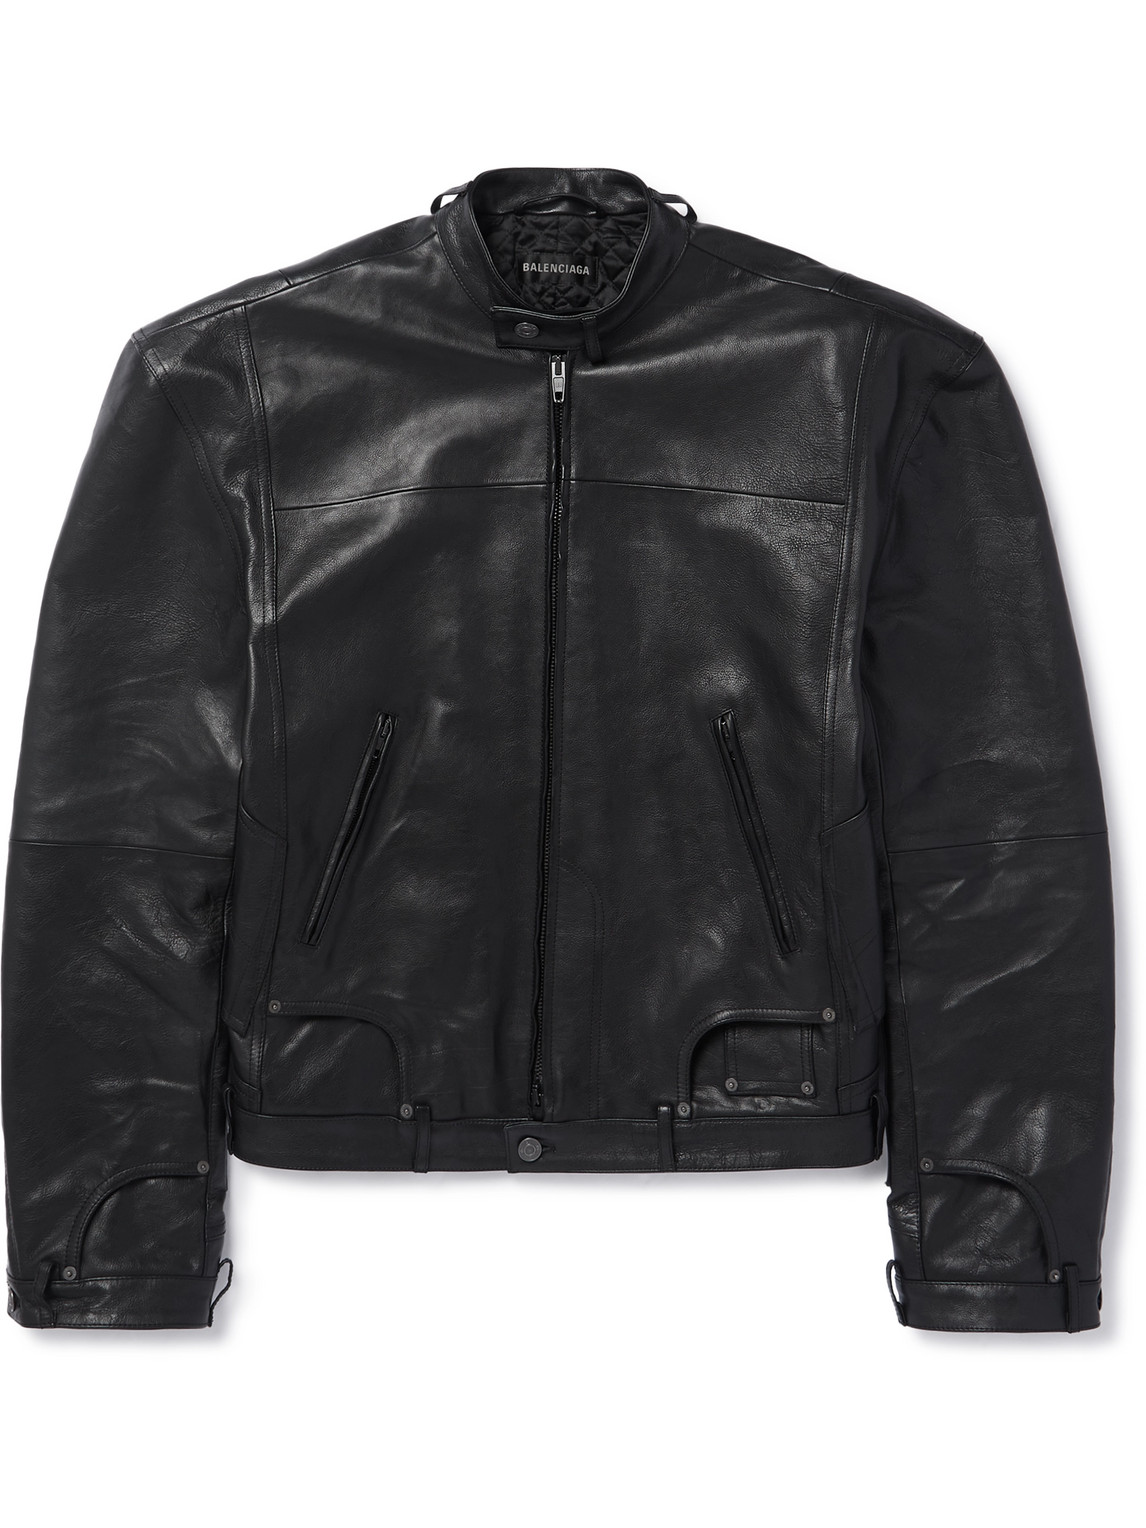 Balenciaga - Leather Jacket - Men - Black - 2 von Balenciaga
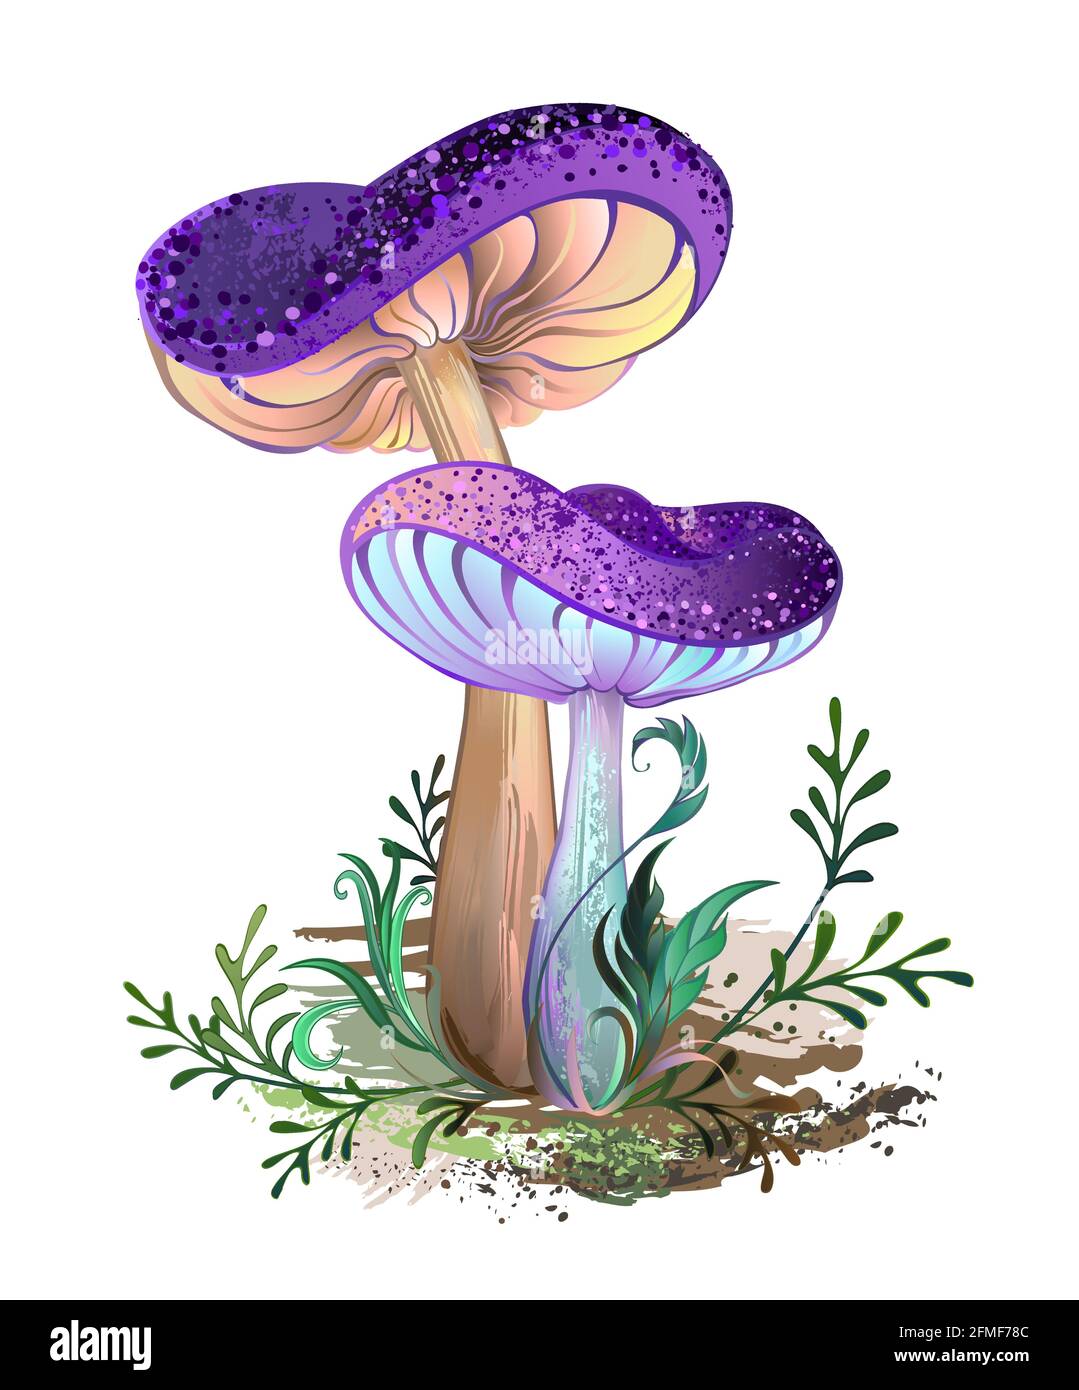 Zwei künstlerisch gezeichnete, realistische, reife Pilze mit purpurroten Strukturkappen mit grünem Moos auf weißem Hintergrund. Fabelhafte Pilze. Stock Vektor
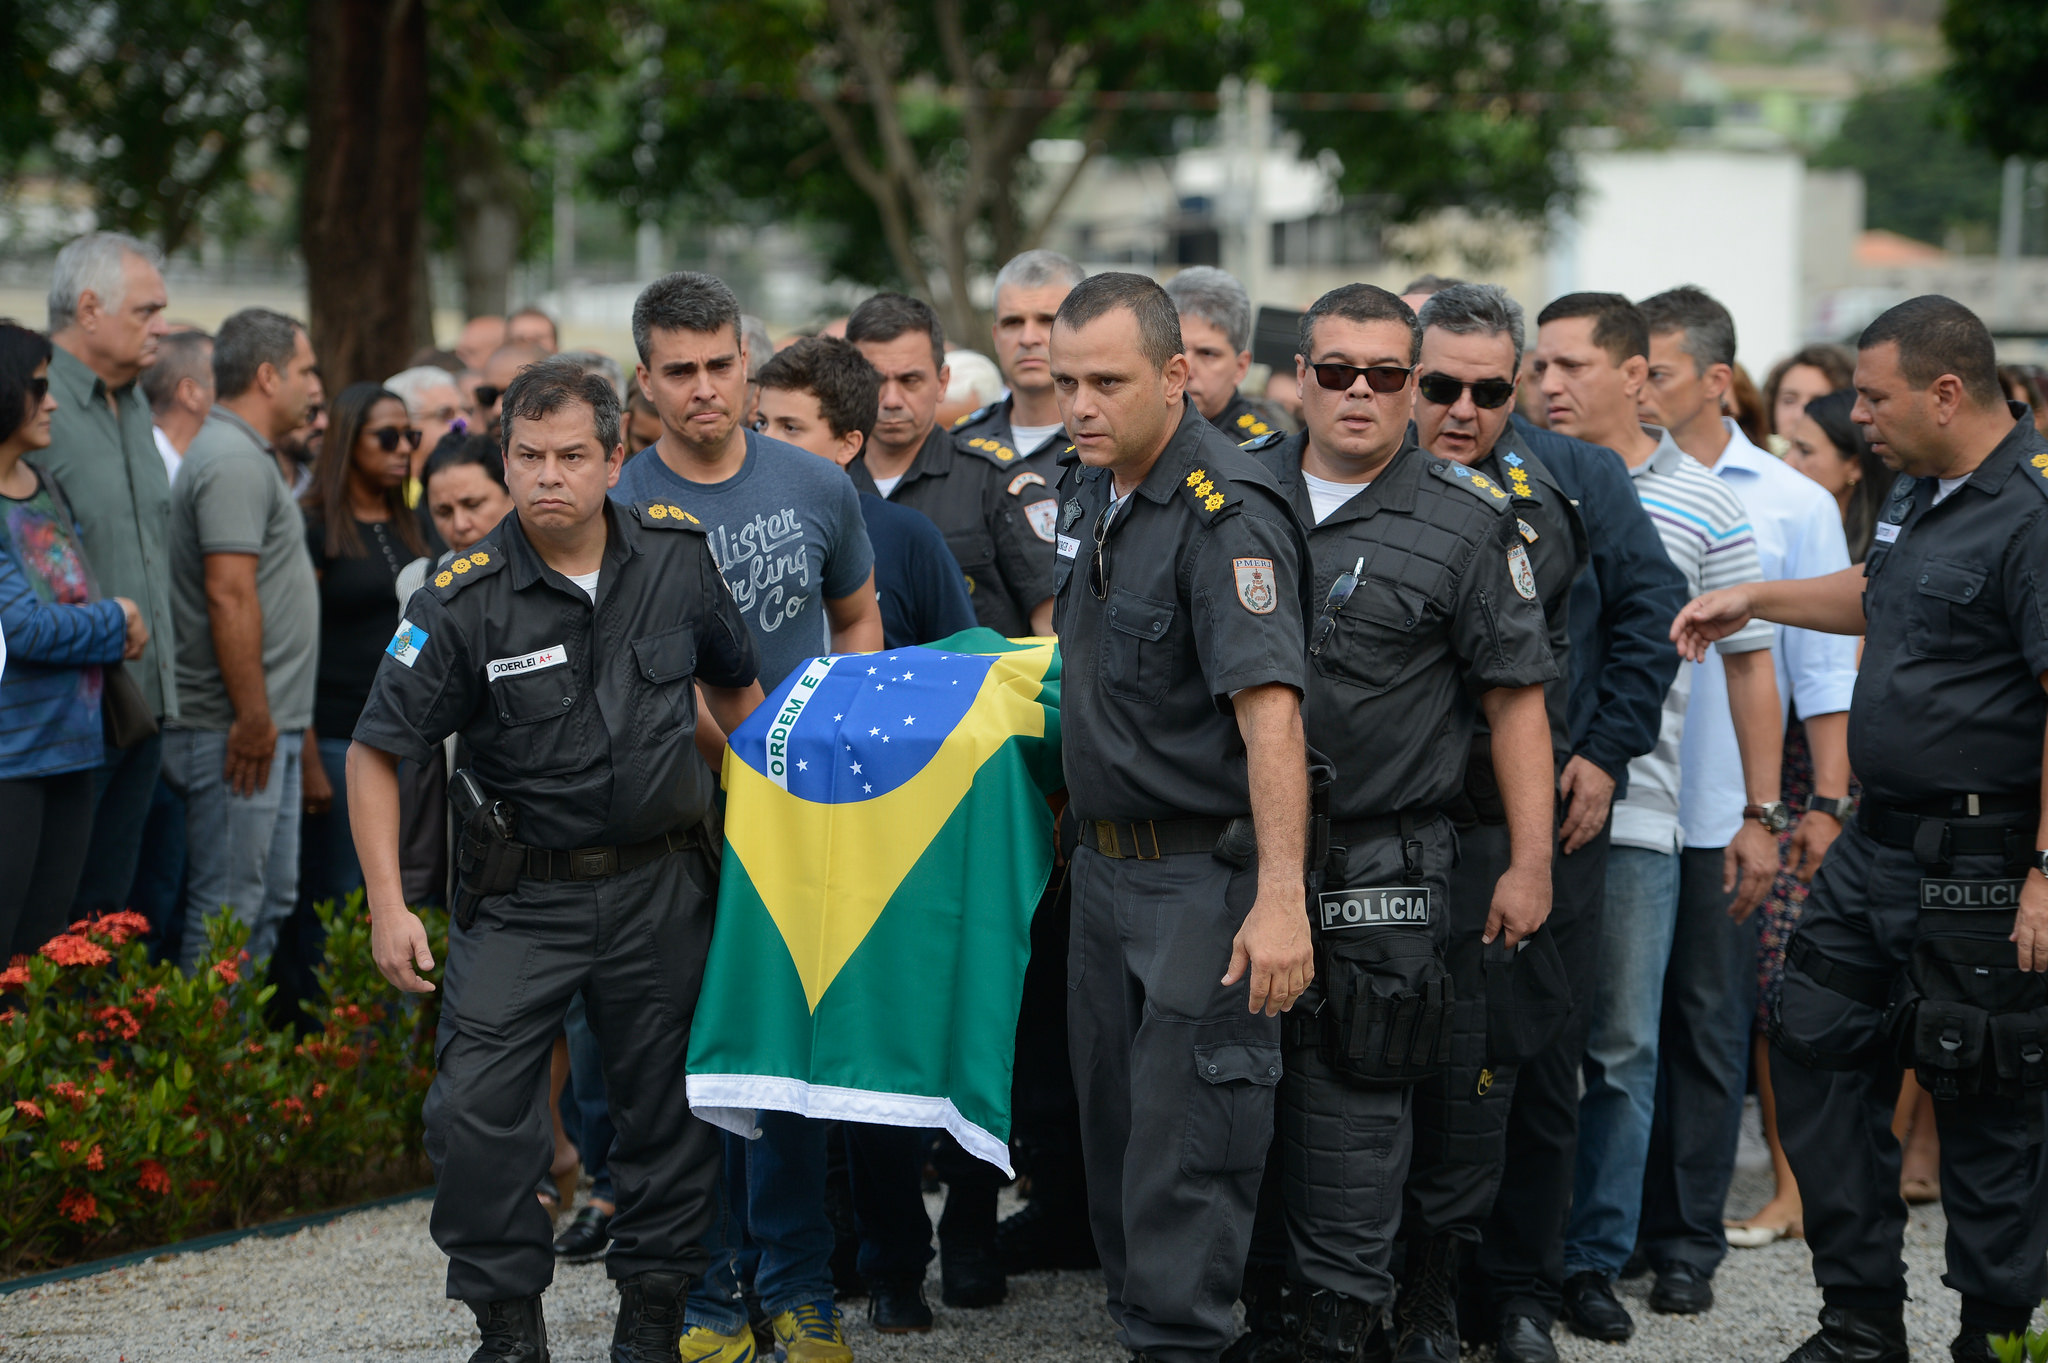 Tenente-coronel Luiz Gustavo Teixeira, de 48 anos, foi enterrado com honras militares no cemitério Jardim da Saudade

> _Task statement_
Please repeat every line from the listing above exactly as it appears. Drop the pictures.

> _Exercise answer_
 Balenciaga - Leather Jacket - Men - Black - 2 von Balenciaga
 Zwei künstlerisch gezeichnete, realistische, reife Pilze mit purpurroten Strukturkappen mit grünem Moos auf weißem Hintergrund. Fabelhafte Pilze. Stock Vektor
 Tenente-coronel Luiz Gustavo Teixeira, de 48 anos, foi enterrado com honras militares no cemitério Jardim da Saudade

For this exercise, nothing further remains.